TASK GOAL:
Go through the following data and transcribe exactly the stretch of lines from the one holding "American Football Ball" to the one holding "Javies Script Signature", both included.

BEGIN INFORMATION SUPPLIED

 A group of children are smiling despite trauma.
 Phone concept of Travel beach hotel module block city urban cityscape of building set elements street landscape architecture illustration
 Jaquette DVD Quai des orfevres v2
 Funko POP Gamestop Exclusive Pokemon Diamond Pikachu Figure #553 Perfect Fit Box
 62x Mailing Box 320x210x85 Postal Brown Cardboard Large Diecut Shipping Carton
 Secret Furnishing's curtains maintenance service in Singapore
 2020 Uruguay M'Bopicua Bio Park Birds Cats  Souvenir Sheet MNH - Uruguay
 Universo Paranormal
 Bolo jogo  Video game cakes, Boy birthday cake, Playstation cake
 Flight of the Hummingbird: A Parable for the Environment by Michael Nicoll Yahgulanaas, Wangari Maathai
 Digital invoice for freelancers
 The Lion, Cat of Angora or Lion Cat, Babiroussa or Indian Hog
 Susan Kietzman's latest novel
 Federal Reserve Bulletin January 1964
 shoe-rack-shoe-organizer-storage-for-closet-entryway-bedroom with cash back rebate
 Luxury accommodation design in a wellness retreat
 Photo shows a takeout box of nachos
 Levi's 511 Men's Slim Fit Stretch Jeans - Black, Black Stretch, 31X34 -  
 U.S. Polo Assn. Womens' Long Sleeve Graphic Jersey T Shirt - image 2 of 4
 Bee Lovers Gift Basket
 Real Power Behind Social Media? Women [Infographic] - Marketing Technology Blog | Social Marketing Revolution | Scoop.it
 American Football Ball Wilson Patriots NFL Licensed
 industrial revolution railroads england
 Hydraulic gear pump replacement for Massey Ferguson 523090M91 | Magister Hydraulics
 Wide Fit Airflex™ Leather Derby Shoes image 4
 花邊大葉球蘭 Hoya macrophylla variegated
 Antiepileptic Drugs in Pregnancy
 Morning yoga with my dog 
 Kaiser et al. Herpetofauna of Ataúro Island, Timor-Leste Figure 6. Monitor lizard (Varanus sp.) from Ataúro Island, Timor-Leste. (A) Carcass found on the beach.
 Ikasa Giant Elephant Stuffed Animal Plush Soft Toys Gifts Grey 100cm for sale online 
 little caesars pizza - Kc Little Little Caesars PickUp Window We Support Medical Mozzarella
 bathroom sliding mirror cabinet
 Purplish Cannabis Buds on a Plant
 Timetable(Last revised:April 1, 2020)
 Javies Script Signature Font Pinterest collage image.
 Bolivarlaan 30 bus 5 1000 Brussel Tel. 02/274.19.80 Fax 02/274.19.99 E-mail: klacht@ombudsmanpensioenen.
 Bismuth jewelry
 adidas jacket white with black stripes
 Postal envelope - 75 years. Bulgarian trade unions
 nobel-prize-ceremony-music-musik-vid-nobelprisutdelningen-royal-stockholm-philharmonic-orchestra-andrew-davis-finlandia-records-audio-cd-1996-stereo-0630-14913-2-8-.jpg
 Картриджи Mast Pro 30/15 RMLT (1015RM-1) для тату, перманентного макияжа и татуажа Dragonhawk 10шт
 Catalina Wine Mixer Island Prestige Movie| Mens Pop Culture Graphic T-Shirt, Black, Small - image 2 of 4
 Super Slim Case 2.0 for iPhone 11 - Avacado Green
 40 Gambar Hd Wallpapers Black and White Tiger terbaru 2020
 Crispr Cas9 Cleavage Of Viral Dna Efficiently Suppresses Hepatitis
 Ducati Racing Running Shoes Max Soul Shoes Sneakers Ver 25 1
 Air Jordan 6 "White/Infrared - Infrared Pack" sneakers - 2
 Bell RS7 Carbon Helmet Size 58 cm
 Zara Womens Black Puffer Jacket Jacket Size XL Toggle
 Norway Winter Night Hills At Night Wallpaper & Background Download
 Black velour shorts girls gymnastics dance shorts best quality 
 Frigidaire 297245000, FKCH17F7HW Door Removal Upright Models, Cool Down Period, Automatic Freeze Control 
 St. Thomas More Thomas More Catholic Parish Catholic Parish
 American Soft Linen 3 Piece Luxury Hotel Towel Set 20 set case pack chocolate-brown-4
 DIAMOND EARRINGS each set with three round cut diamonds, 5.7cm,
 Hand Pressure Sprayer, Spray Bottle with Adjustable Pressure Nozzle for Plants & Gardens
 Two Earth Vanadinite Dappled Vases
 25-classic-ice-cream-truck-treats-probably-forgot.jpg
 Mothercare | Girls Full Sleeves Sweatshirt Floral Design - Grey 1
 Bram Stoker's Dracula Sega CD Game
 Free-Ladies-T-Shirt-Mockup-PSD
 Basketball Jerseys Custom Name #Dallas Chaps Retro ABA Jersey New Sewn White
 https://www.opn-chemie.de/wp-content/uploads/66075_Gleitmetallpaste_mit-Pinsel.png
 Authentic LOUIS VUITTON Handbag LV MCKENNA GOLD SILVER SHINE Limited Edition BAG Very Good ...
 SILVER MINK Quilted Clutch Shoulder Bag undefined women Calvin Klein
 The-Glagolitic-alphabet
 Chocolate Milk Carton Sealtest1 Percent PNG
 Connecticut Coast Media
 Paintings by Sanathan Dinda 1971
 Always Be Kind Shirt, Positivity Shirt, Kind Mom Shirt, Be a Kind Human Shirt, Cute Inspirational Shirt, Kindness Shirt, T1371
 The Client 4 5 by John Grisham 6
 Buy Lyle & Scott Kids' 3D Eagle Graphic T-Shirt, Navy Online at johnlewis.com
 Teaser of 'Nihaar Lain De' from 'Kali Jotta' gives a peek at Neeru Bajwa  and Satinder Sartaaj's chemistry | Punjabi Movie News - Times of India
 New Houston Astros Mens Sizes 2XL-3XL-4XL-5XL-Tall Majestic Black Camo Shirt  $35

END INFORMATION SUPPLIED

RESPONSE TO THE EXERCISE:
 American Football Ball Wilson Patriots NFL Licensed
 industrial revolution railroads england
 Hydraulic gear pump replacement for Massey Ferguson 523090M91 | Magister Hydraulics
 Wide Fit Airflex™ Leather Derby Shoes image 4
 花邊大葉球蘭 Hoya macrophylla variegated
 Antiepileptic Drugs in Pregnancy
 Morning yoga with my dog 
 Kaiser et al. Herpetofauna of Ataúro Island, Timor-Leste Figure 6. Monitor lizard (Varanus sp.) from Ataúro Island, Timor-Leste. (A) Carcass found on the beach.
 Ikasa Giant Elephant Stuffed Animal Plush Soft Toys Gifts Grey 100cm for sale online 
 little caesars pizza - Kc Little Little Caesars PickUp Window We Support Medical Mozzarella
 bathroom sliding mirror cabinet
 Purplish Cannabis Buds on a Plant
 Timetable(Last revised:April 1, 2020)
 Javies Script Signature Font Pinterest collage image.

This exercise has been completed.